Upata is the third largest city in the state of Bolívar and the capital of the Piar municipality, a jurisdiction that has an area of 15,899 km^{2}, of which 4,000 km^{2} belong to the Upata Capital Section and about 32 km^{2} to the urban perimeter of the city. It is located in the center and habitable corners of a longitudinal valley that extends about 20 kilometers long by 6 kilometers wide, from the sources of the Yocoima River in the Las Llaves El Candado sector, near the road to Guasipati, to the agricultural, livestock, savannah and forest areas of San Lorenzo, Santa Rosa, Sabanetica, La Armonía, La Carata, Laguna Larga Unión 2000.
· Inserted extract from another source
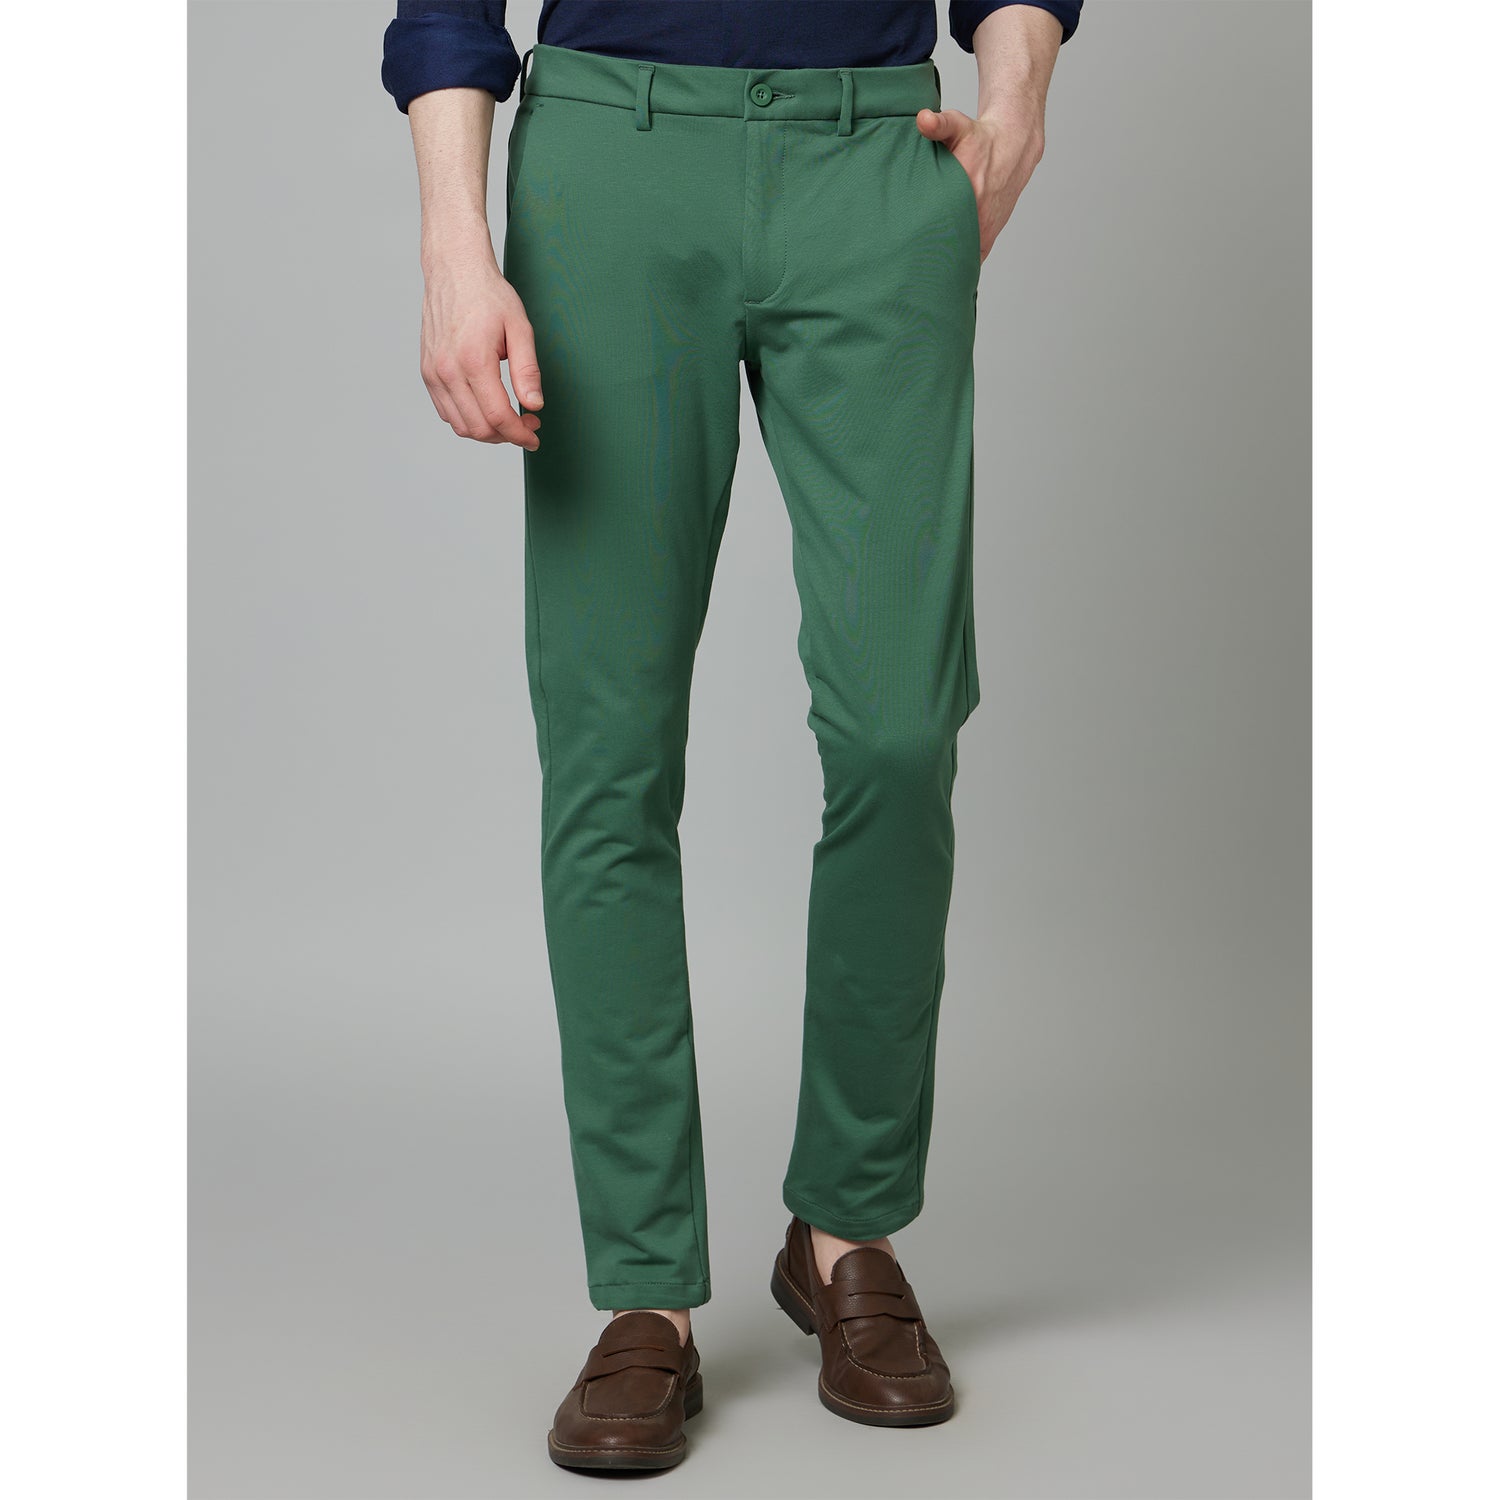 Green Mid Rise Plain Cotton Slim Fit Chinos Trousers (COKNITNEW)

The city is located between 340 and 360 meters above sea level and its climate is tropical rainy savannah. In the western or western fringe of the Piar municipality, on the border with the Angostura municipality, very close to Upata is the artificial lake caused by the construction of the Guri Hydroelectric Complex, while to the east from Upata you can see the foothills of the Sierra Imataca, rich in minerals, abundant in biodiversity, with land suitable for planting and agroecological tourism.
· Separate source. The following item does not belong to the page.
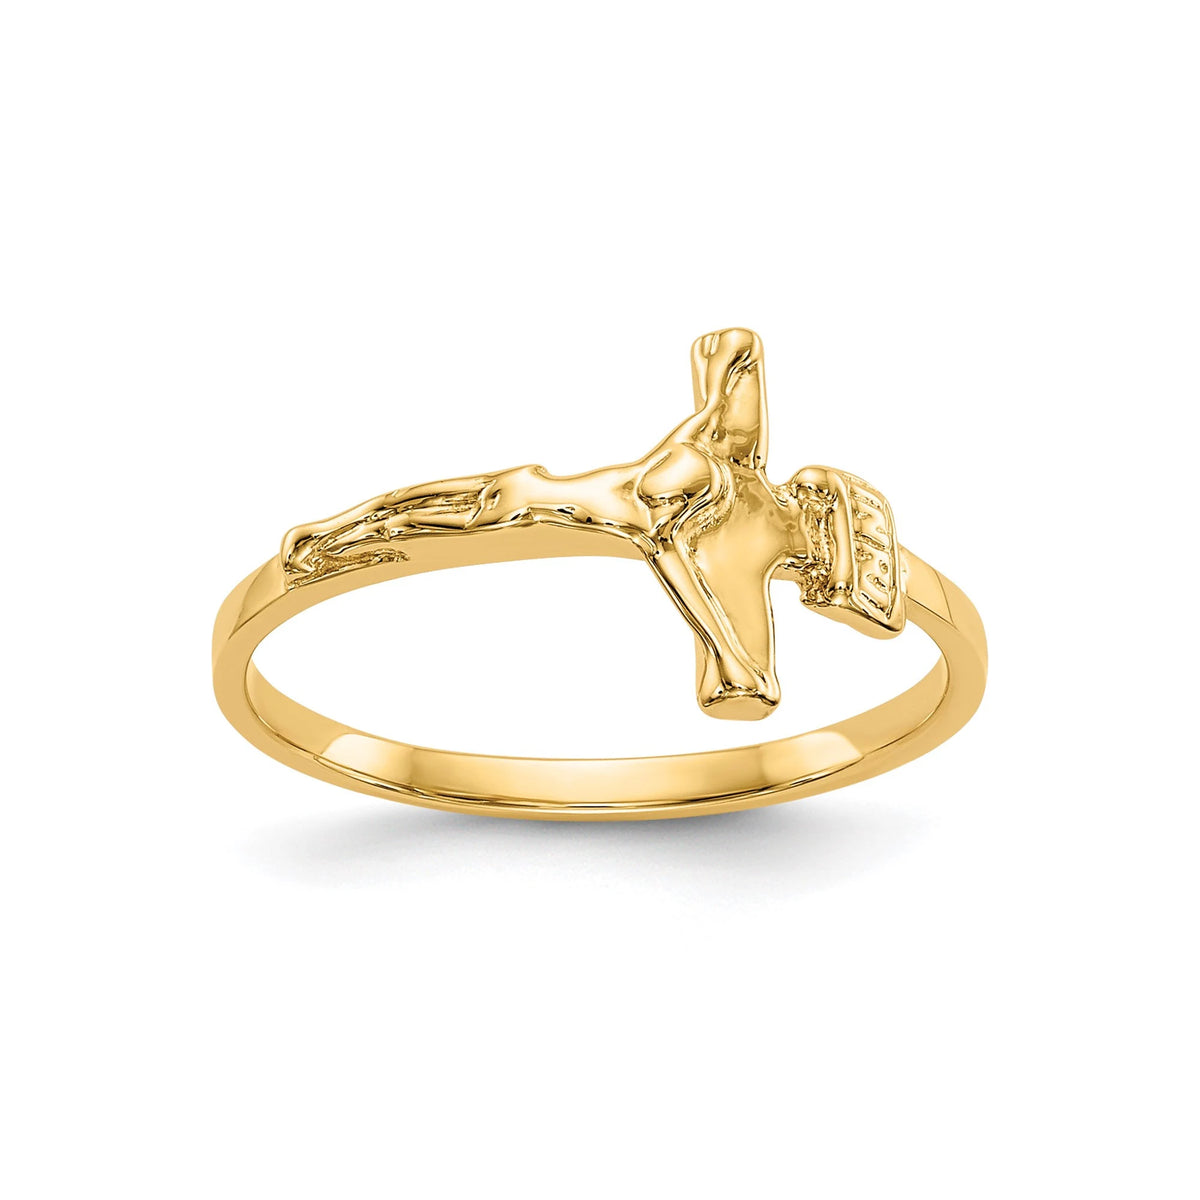 14k Yellow Gold Raised Cross Ring Baby Child  Size 2 - 6 Baby/Toddler Size Children's Ring Band with Cross - Gift Box Included - Made in USA

As for the soils, they are markedly acidic, with low to moderate natural fertility, since it is an area with a long weathering process, in which Quaternary soils, clays with a high content of bauxite, clay loam, and sandbanks in the savannah, on a metamorphic igneous basement, belonging to the Imataca Geological Formation, with an age between 2800 and 3200 million years, since Upata is located in the heart of the oldest segment of the Guayana Massif. In the valley outcrop rocks, slabs, strongly metamorphosed granitic stones, gneiss, with a high content of iron, manganese, and to a lesser extent quartz.

===Climate===
Under the Köppen climate classification Upata has a tropical savanna climate (Aw). Upata is also intertropical, with precipitation that varies between 900 and 1,300 millimeters (35–51 in) (annual), in the city proper, and up to 2,000 millimeters (79 in) in some parts of the Mountain range.
Average annual temperatures are 26 °C in most of the year. The rains usually begin in November, January and August. Average temperatures are of 19 °C to 17 °C. The warmest month is August with temperatures of 36 °C Max, 26° Min.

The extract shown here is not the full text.